# Sr. Site Reliability Engineer

> Tiger Analytics Inc. · Washington, United States · — · Posted 2026-05-08

**Workplace:** on_site

## Description

### **Role Overview**

We are seeking a high-caliber **Site Reliability Engineer (SRE)** to join our Forward Engineering team. You will be the guardian of our production ecosystems, ensuring that our complex, data-driven AI platforms remain resilient, scalable, and highly performant.

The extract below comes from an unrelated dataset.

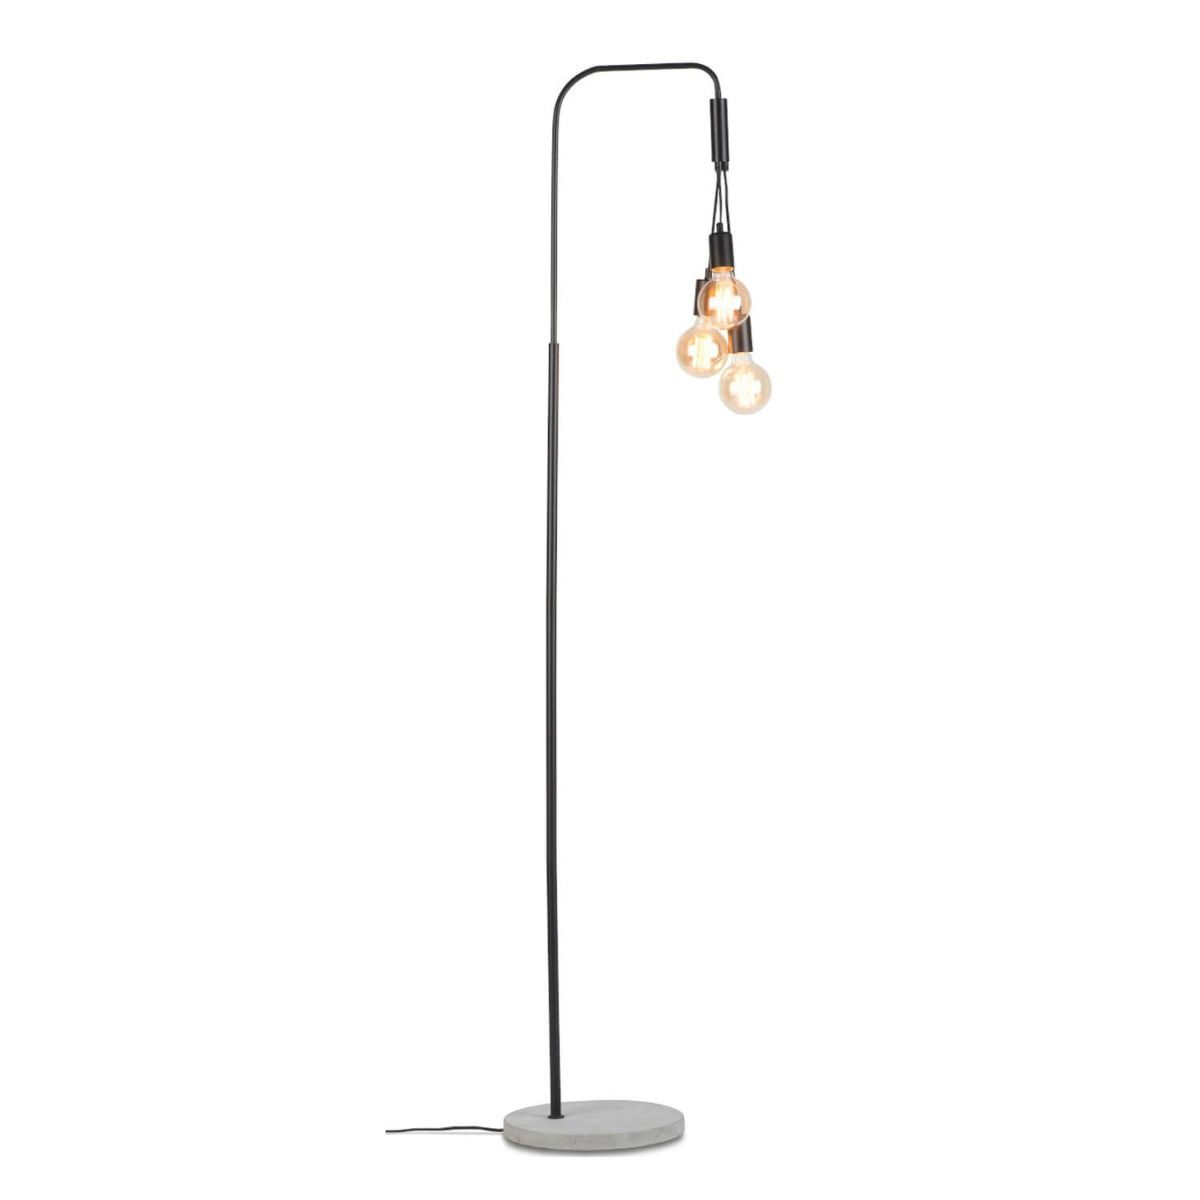 Oslo Floor Lamp with regard to size 1200 X 1200

This role is a hybrid of software engineering and systems architecture, with a specialized focus on **MLOps**—bridging the gap between model development and production-grade reliability.

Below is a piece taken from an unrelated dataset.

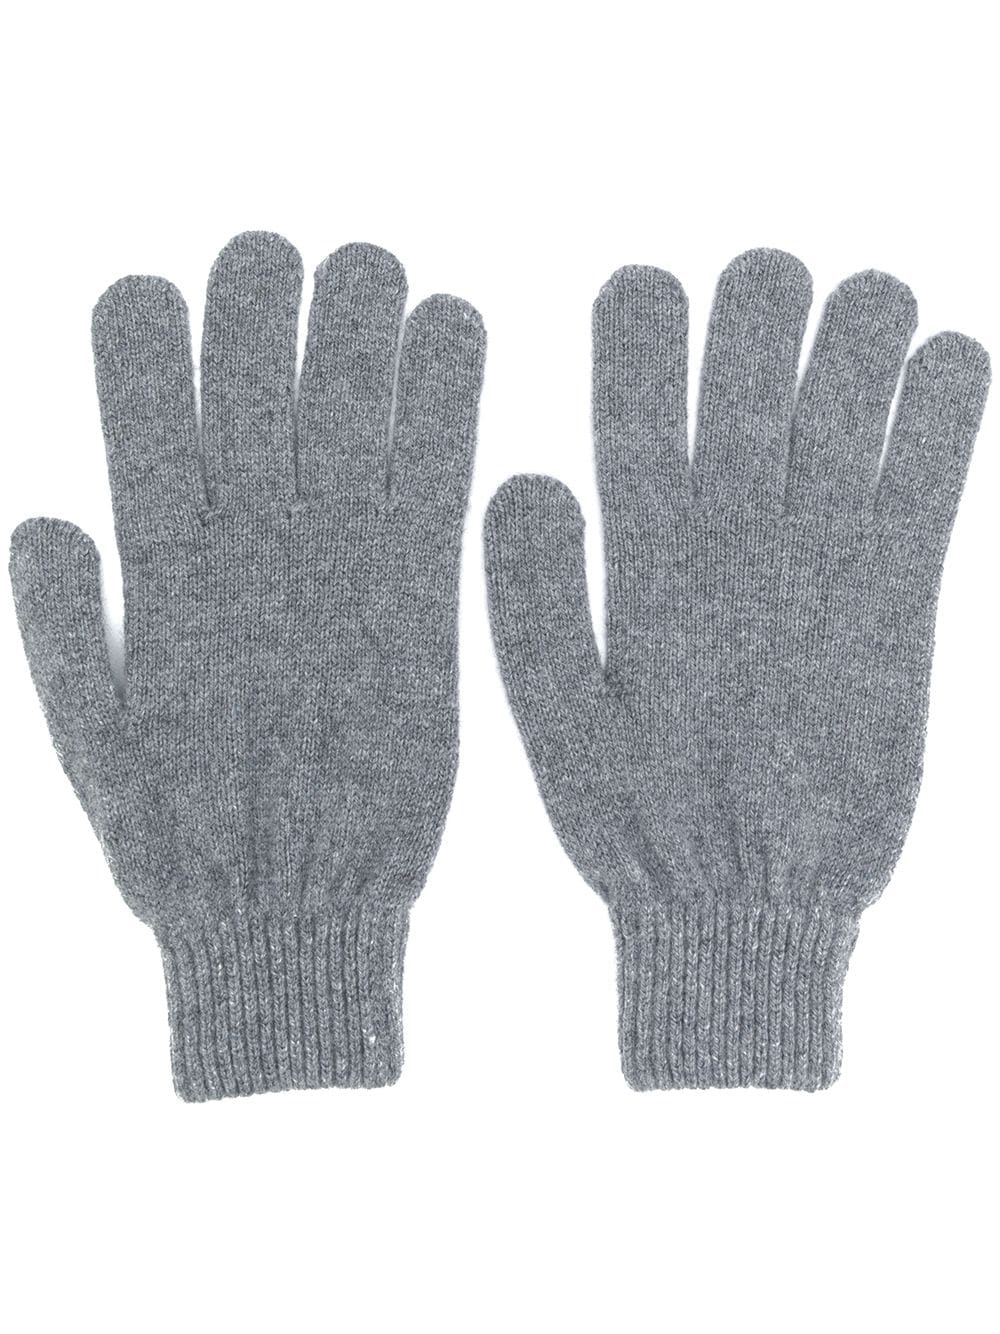 Paul Smith Gloves Grey

### **Key Responsibilities**

### **1\. Reliability & Performance Engineering**

-   **SLA/SLO Management:** Define, monitor, and maintain Service Level Objectives (SLOs) and Service Level Indicators (SLIs) for critical AI/ML services.
-   **Error Budgeting:** Manage error budgets to balance the velocity of feature releases from the ML team with the stability of the production environment.
-   **Scalability:** Architect and manage auto-scaling strategies for **Kubernetes (GKE)** to handle fluctuating workloads during model training and high-volume inference.

### **2\. MLOps & AI Infrastructure**

-   **Model Serving Reliability:** Ensure the high availability of **Vertex AI endpoints** and custom inference services.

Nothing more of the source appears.